Problem details
For the entries below, repeat exactly each line starting with the one that contains "Emilia-Romagna fiyat değişiklikleri" and going on through the one that contains "Les participants passent", and no others.

** Opening Provided records block **

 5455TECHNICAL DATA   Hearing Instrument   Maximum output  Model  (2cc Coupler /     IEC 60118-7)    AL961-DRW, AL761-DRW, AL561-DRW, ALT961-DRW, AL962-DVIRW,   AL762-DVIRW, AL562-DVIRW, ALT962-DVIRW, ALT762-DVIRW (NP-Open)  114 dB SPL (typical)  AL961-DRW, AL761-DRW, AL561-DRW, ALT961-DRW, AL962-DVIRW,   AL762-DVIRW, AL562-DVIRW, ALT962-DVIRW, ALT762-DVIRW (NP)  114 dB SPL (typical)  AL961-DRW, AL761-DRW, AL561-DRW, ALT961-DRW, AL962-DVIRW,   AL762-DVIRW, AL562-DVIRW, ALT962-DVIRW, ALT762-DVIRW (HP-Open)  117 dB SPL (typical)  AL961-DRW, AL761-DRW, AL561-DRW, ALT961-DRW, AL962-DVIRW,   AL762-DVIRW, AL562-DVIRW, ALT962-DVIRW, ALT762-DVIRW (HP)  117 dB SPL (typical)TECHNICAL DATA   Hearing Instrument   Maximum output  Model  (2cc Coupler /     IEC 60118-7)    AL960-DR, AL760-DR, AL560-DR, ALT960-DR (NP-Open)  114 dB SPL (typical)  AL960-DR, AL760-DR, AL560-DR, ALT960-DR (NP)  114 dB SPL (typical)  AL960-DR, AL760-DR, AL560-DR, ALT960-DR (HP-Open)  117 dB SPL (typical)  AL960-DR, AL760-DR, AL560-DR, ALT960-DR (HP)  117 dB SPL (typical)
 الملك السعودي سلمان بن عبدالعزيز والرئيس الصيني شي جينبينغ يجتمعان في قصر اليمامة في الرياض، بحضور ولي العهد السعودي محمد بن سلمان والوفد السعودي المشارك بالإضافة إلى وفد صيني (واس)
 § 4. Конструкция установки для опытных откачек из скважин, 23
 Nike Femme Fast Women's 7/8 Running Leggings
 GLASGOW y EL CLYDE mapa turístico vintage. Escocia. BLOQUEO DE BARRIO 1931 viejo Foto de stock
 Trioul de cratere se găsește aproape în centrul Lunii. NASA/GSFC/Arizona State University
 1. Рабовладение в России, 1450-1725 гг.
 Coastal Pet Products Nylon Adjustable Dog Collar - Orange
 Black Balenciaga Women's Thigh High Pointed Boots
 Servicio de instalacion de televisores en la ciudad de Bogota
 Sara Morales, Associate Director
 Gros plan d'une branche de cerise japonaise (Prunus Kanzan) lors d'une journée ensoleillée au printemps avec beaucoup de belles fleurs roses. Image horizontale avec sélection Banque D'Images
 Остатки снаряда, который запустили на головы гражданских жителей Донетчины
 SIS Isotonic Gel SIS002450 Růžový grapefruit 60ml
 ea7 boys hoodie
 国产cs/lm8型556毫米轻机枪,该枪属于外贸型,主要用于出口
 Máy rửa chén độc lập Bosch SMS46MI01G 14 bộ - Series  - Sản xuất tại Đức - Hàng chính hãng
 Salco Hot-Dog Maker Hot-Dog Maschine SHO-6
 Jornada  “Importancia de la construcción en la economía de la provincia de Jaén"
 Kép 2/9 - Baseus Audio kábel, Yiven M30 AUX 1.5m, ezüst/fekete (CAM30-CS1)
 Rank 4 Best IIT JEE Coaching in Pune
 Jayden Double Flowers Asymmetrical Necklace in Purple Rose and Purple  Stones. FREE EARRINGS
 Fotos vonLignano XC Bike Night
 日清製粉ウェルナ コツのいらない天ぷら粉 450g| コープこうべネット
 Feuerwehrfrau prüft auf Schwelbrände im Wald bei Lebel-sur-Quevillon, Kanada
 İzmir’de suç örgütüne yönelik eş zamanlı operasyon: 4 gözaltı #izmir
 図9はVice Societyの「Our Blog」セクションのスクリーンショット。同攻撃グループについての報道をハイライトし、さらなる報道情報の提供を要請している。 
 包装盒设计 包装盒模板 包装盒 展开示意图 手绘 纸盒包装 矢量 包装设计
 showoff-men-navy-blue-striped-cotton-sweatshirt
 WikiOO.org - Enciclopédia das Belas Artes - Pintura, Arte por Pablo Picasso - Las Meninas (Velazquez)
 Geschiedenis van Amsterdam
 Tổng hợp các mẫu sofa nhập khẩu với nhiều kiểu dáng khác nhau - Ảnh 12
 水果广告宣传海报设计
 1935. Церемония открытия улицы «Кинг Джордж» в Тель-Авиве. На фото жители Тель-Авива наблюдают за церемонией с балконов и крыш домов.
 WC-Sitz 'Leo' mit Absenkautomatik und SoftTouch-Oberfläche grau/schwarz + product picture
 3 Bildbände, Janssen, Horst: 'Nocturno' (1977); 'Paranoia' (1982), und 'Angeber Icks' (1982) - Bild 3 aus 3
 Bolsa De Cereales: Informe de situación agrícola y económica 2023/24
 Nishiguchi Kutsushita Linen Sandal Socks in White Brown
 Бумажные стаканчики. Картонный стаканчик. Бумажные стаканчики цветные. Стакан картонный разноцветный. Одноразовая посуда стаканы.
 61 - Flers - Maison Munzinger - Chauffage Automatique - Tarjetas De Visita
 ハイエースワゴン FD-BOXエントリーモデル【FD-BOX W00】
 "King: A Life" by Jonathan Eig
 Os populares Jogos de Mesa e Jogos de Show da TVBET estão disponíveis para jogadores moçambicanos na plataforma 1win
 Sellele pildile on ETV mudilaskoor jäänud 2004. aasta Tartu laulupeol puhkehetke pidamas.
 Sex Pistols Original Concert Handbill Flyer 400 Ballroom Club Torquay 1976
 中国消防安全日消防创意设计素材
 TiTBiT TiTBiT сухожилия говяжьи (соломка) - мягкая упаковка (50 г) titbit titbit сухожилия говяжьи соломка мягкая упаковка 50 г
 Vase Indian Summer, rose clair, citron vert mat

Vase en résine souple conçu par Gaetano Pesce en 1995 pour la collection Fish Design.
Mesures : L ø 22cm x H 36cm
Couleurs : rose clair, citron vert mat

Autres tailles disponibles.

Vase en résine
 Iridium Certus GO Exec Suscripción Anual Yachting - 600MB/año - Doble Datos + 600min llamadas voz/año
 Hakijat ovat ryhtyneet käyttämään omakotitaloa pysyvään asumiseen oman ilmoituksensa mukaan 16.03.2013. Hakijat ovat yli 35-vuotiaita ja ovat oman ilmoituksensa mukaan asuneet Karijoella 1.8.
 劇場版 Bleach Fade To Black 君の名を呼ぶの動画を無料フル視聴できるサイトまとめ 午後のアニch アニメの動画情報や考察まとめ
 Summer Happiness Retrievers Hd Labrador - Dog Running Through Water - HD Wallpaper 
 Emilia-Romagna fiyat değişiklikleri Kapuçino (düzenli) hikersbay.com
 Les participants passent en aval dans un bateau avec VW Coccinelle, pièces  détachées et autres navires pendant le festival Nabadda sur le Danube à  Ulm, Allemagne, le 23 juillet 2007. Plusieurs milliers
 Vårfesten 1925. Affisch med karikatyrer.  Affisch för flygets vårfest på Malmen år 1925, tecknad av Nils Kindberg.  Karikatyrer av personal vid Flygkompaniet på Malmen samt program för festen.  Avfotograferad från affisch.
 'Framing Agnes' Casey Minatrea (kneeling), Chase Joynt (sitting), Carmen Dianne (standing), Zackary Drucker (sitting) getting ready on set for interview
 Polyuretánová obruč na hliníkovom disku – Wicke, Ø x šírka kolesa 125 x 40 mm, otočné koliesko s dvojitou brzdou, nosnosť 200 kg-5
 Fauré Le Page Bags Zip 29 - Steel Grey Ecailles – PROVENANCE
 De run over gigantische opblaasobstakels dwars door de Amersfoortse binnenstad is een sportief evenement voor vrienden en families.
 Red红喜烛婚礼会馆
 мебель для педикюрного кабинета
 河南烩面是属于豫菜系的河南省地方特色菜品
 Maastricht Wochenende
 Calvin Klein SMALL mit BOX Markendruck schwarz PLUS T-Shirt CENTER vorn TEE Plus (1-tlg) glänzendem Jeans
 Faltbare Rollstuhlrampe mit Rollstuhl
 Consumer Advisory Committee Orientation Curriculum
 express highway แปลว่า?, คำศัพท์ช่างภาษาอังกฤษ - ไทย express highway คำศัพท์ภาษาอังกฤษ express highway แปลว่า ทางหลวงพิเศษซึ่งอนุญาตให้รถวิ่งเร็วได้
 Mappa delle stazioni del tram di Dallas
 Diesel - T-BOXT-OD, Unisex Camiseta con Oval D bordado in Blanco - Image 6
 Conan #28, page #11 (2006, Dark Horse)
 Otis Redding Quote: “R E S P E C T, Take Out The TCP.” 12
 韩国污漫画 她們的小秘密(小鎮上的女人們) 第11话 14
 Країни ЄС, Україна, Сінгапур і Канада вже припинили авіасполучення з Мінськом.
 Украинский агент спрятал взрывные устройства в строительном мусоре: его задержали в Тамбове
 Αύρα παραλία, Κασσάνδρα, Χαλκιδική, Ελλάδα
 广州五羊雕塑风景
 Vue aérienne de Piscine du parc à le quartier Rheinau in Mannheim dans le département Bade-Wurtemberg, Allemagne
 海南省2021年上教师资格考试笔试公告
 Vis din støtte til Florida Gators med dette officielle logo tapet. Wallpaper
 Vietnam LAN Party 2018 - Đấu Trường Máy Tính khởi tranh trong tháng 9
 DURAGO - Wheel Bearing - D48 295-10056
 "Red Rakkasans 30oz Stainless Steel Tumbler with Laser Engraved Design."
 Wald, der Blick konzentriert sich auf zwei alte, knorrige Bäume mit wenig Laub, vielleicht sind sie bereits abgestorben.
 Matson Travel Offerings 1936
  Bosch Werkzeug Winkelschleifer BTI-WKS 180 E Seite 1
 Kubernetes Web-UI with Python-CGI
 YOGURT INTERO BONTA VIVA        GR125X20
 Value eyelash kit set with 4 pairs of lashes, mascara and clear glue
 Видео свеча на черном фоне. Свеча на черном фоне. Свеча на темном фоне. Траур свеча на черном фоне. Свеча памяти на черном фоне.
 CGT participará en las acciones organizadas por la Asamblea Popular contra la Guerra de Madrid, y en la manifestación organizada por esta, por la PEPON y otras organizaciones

** Closing Provided records block **

Problem solution
 Emilia-Romagna fiyat değişiklikleri Kapuçino (düzenli) hikersbay.com
 Les participants passent en aval dans un bateau avec VW Coccinelle, pièces  détachées et autres navires pendant le festival Nabadda sur le Danube à  Ulm, Allemagne, le 23 juillet 2007. Plusieurs milliers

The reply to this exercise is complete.